Calidi Biotherapeutics (CLDI) filed an 8-K for bylaw changes and financials. Nothing major, but check the details.

AI Summary

Calidi Biotherapeutics, Inc. filed an 8-K on February 28, 2024, reporting amendments to its articles of incorporation or bylaws and financial statements. The company, formerly known as First Light Acquisition Group, Inc., is incorporated in Delaware and operates in the biological products sector.
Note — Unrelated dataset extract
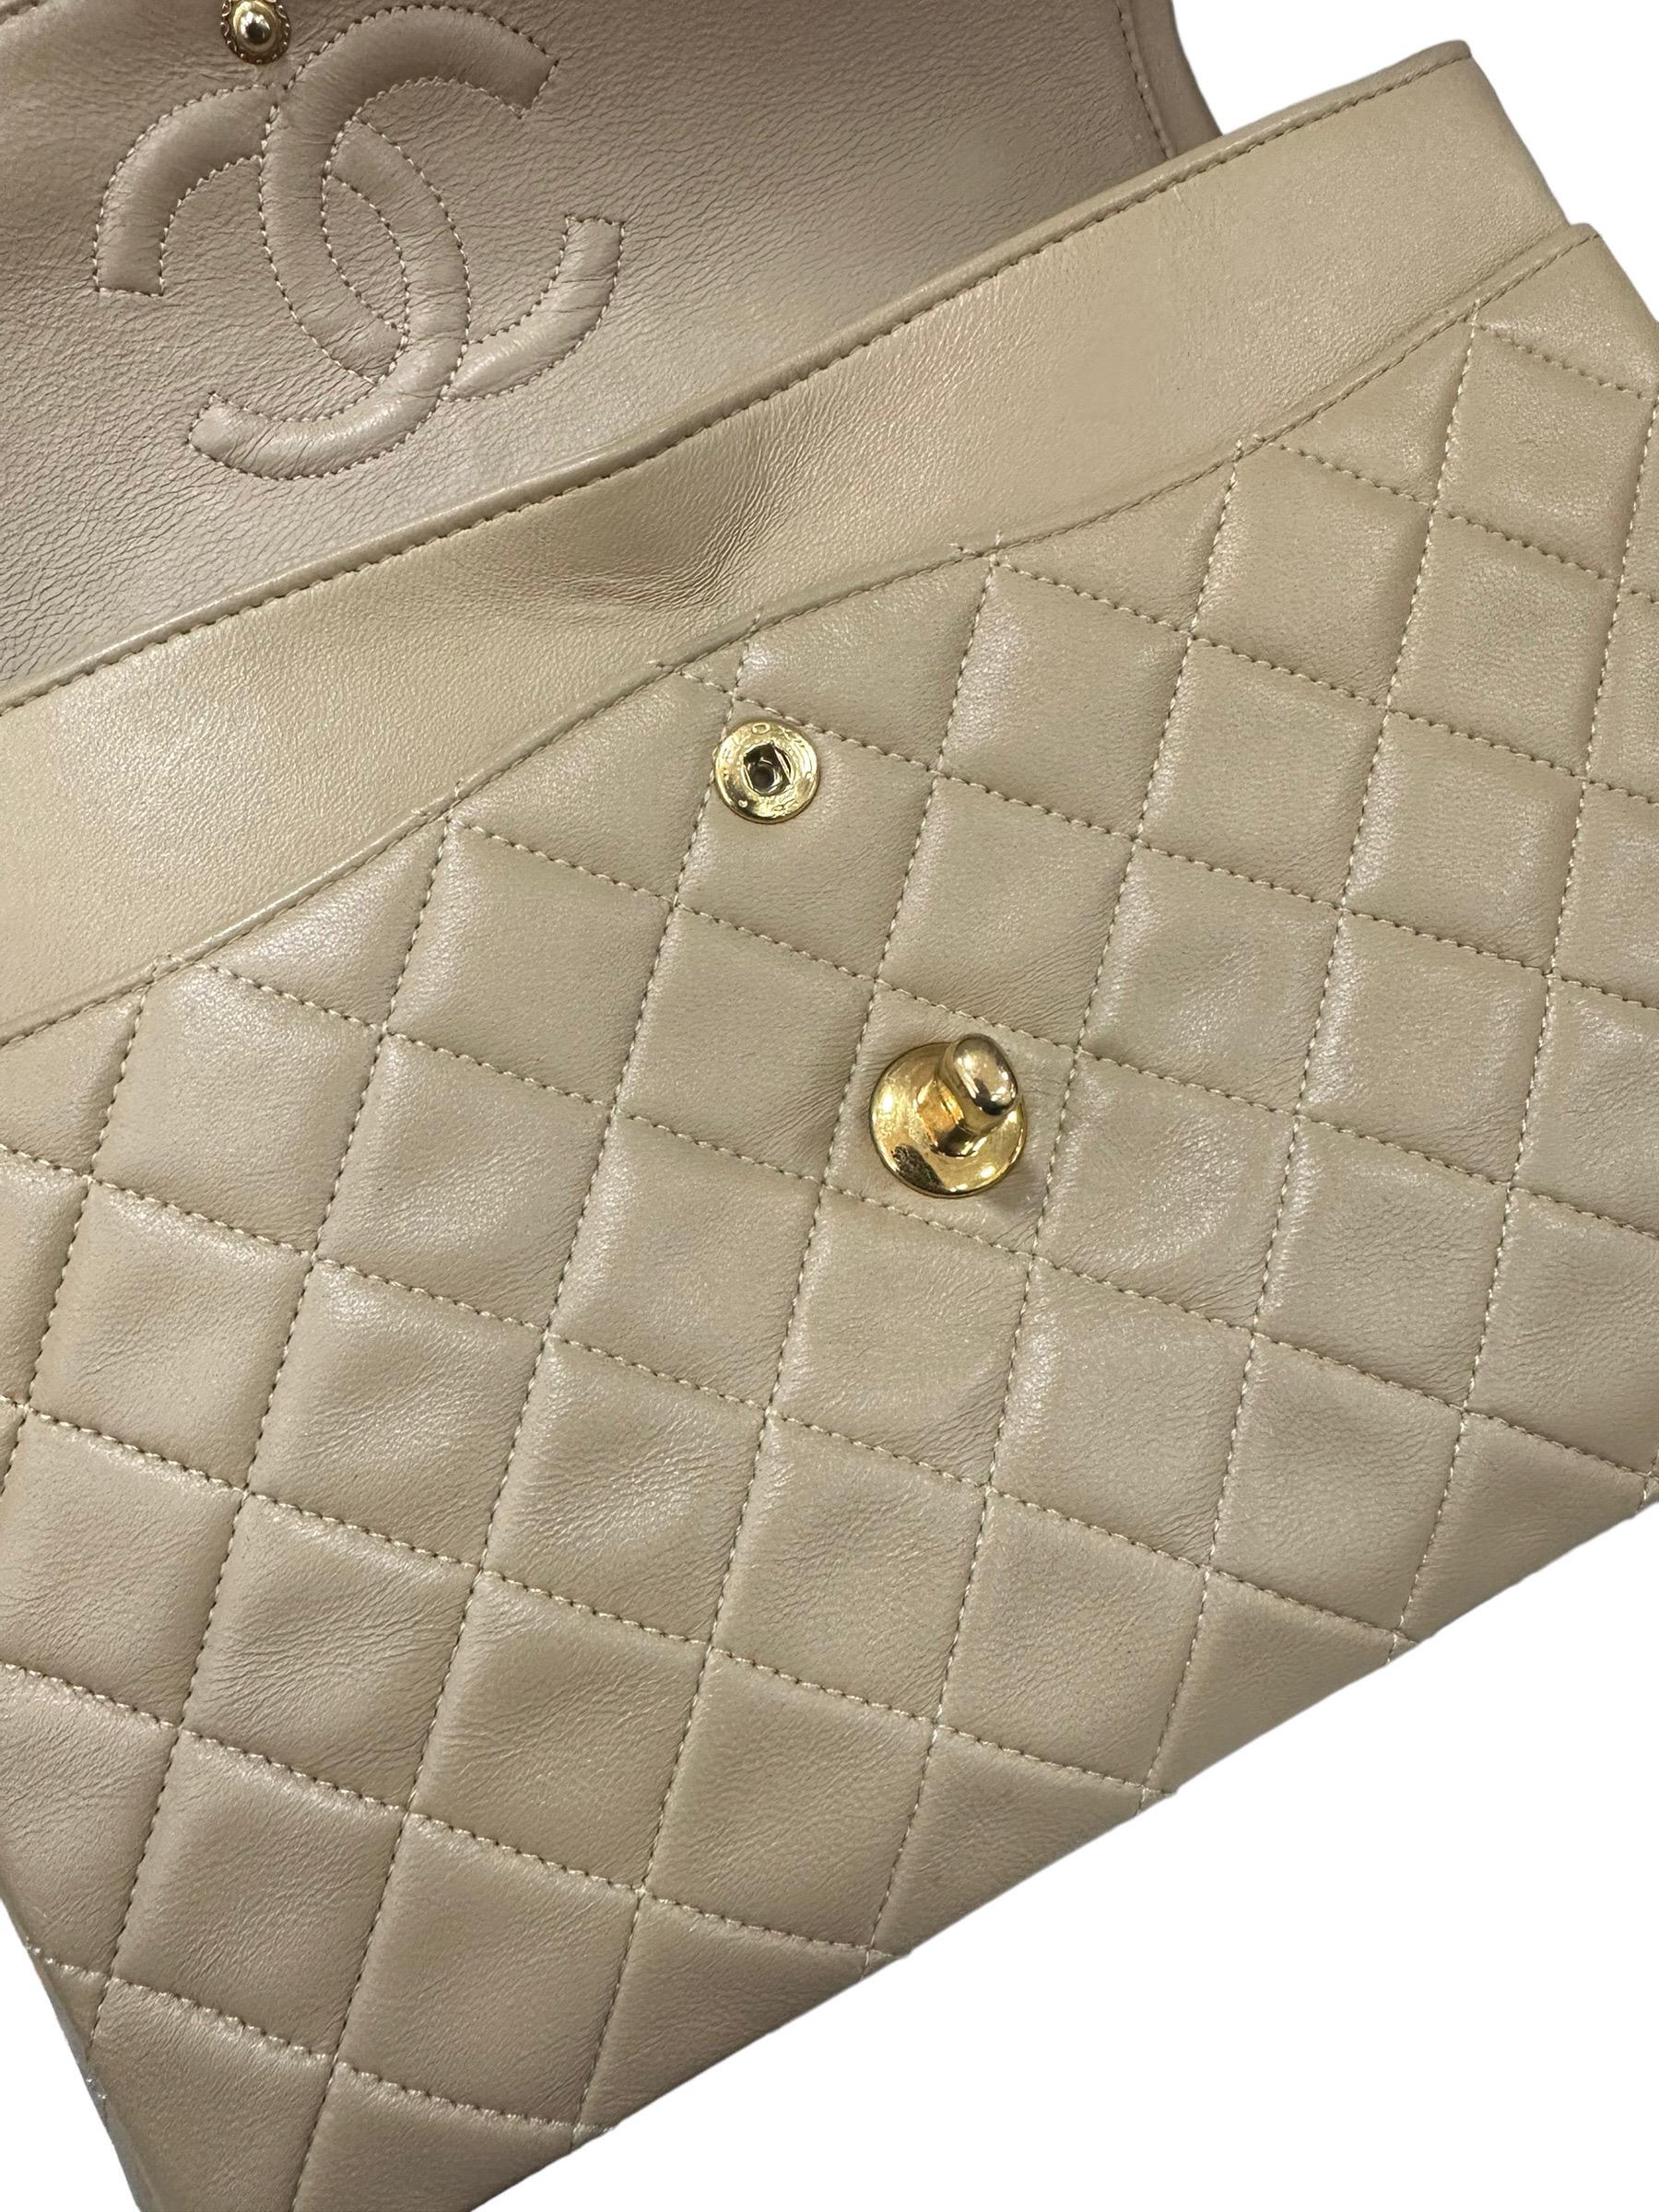 ‘90 Chanel Flap Vintage Beige Leather Shoulder Bag For Sale 12

Its principal executive offices are located in San Diego, California.

Why It Matters

This filing provides updates on Calidi Biotherapeutics' corporate structure and financial reporting, which are crucial for investors to understand the company's operational and legal standing.

Risk Assessment

Risk Level: low — This is a routine filing for corporate updates and financial statements, not indicating any immediate operational or financial distress.

Key Players & Entities

  • Calidi Biotherapeutics, Inc. (company) — Registrant
  • First Light Acquisition Group, Inc. (company) — Former company name
  • February 28, 2024 (date) — Date of earliest event reported
  • Delaware (jurisdiction) — State of incorporation
  • San Diego, California (location) — Business address

FAQ

What specific amendments were made to Calidi Biotherapeutics' articles of incorporation or bylaws?

The filing indicates amendments were made, but the specific details of these amendments are not provided in the provided text excerpt. Further review of the full filing would be necessary.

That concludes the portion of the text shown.